Conte’s emphasis is on cutting “wasteful state spending” and focus on growth, although fiscal consolidation of this kind can be challenging.
In a statement to Reuters, Eurogroup President Mario Centeno warned Rome on Monday that its 2020 budget should not violate the fiscal compact.
Italy must “continue in the difficult task of promoting growth with a fiscal policy that faces the restrictions that we all face,” Centeno said on the sidelines of the Ambrosetti forum near Lake Como.
Last Saturday, President Sergio Matarella echoed the Italian political consensus, calling for a less iron-clad implementation of the EU’s fiscal compact. Overall, the rhetoric of direct confrontation with Brussels is gone.
Since Matteo Salvini’s Lega withdrew its confidence in the first Conte government, there is no more talk of a parallel currency or a deficit-financed program of tax cuts.
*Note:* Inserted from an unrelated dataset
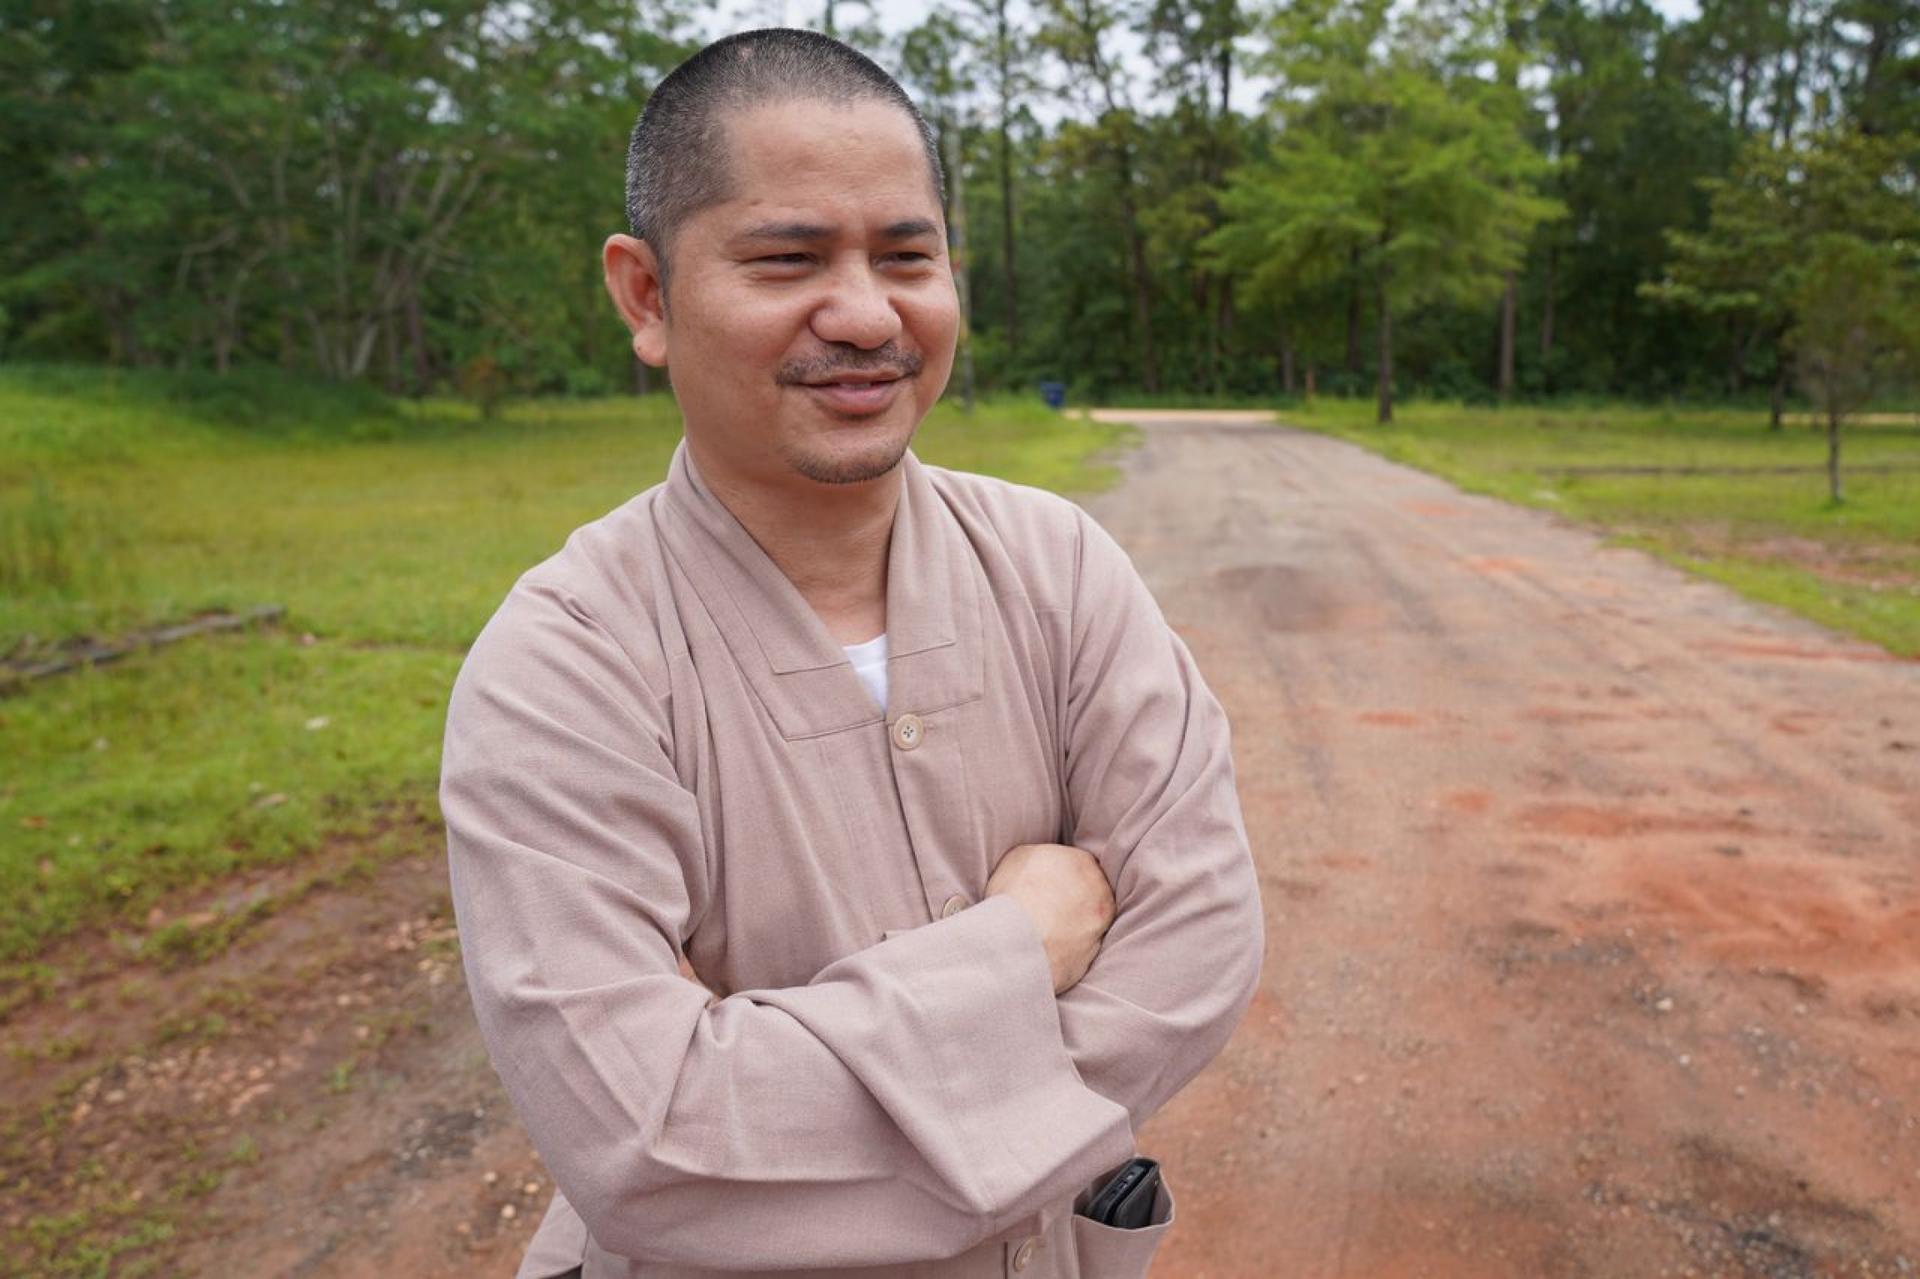 A man smiles while standing with his arms folded
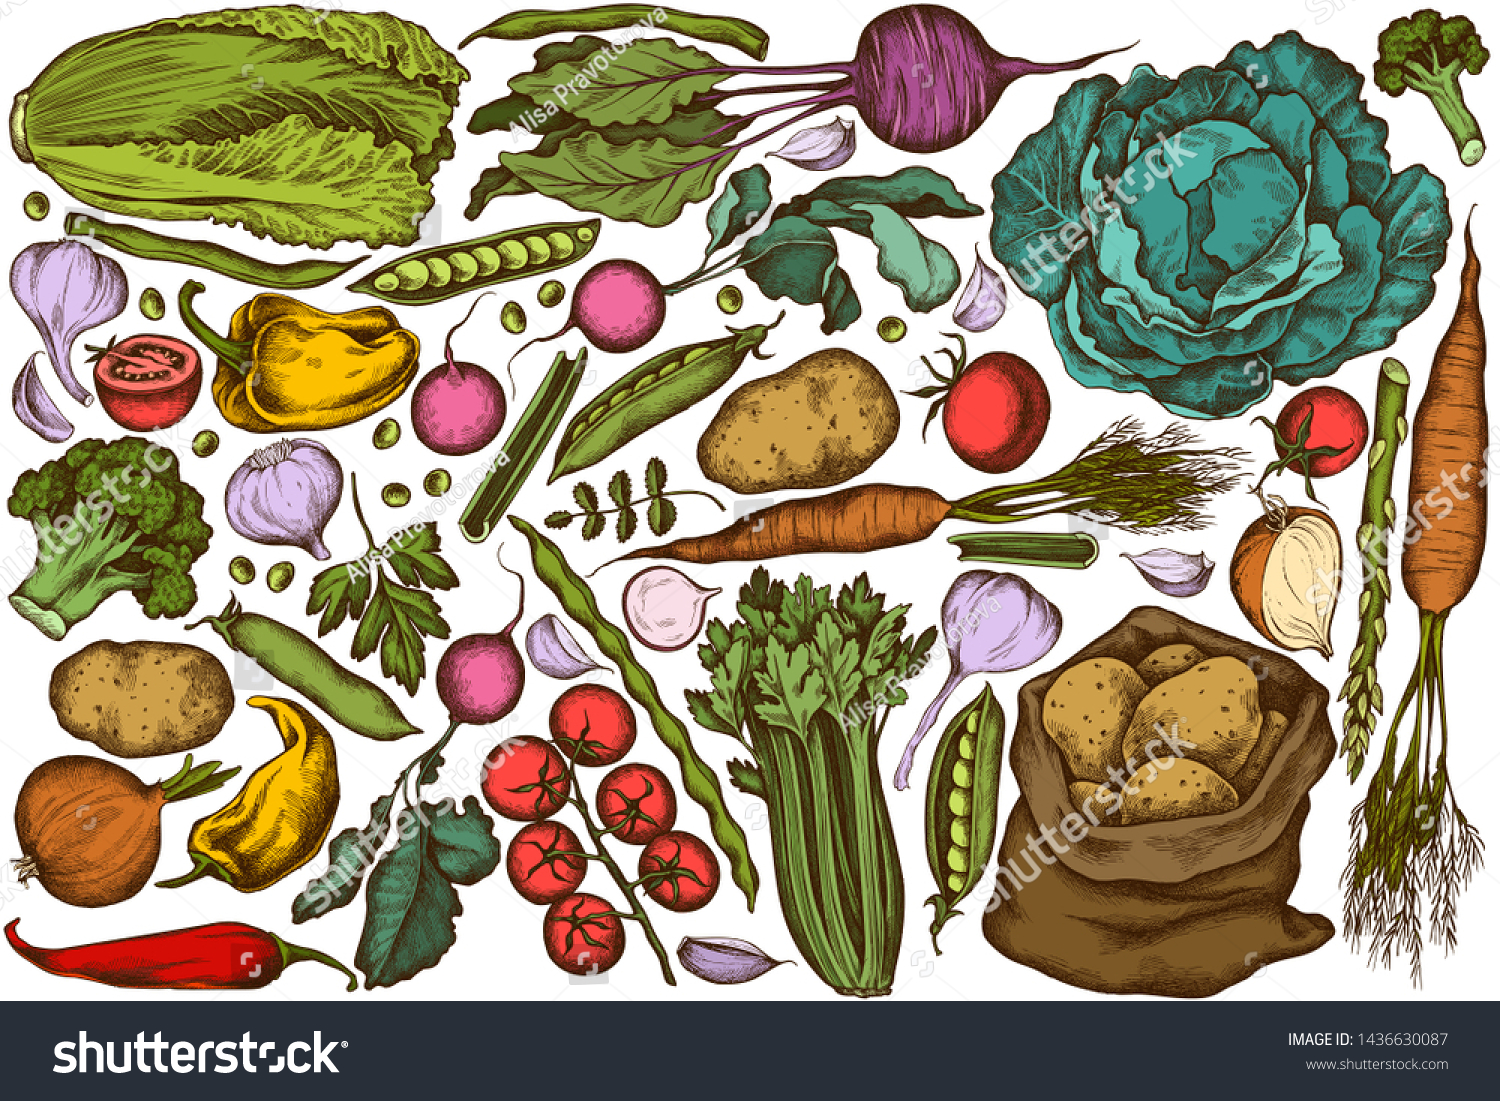 Vector set of hand drawn colored onion, garlic, pepper, broccoli, radish, green beans, potatoes, cherry tomatoes, peas, celery, beet, greenery, chinese cabbage, cabbage, carrot #1436630087

Conte’s government wants an EU-wide minimum corporate tax, that is, a demand put forward by Emmanuel Macron and has time and again been resisted by the Netherlands, Ireland, Estonia, Luxembourg and other member-states.
Friction between Rome and Brussels is likely to remain.
For the moment, the Conte government faces it first confidence vote on Tuesday. His government cannot hope for the support of his former deputy prime minister, Salvini, who continues to demand elections whilst Lega members demonstrate outside the parliament.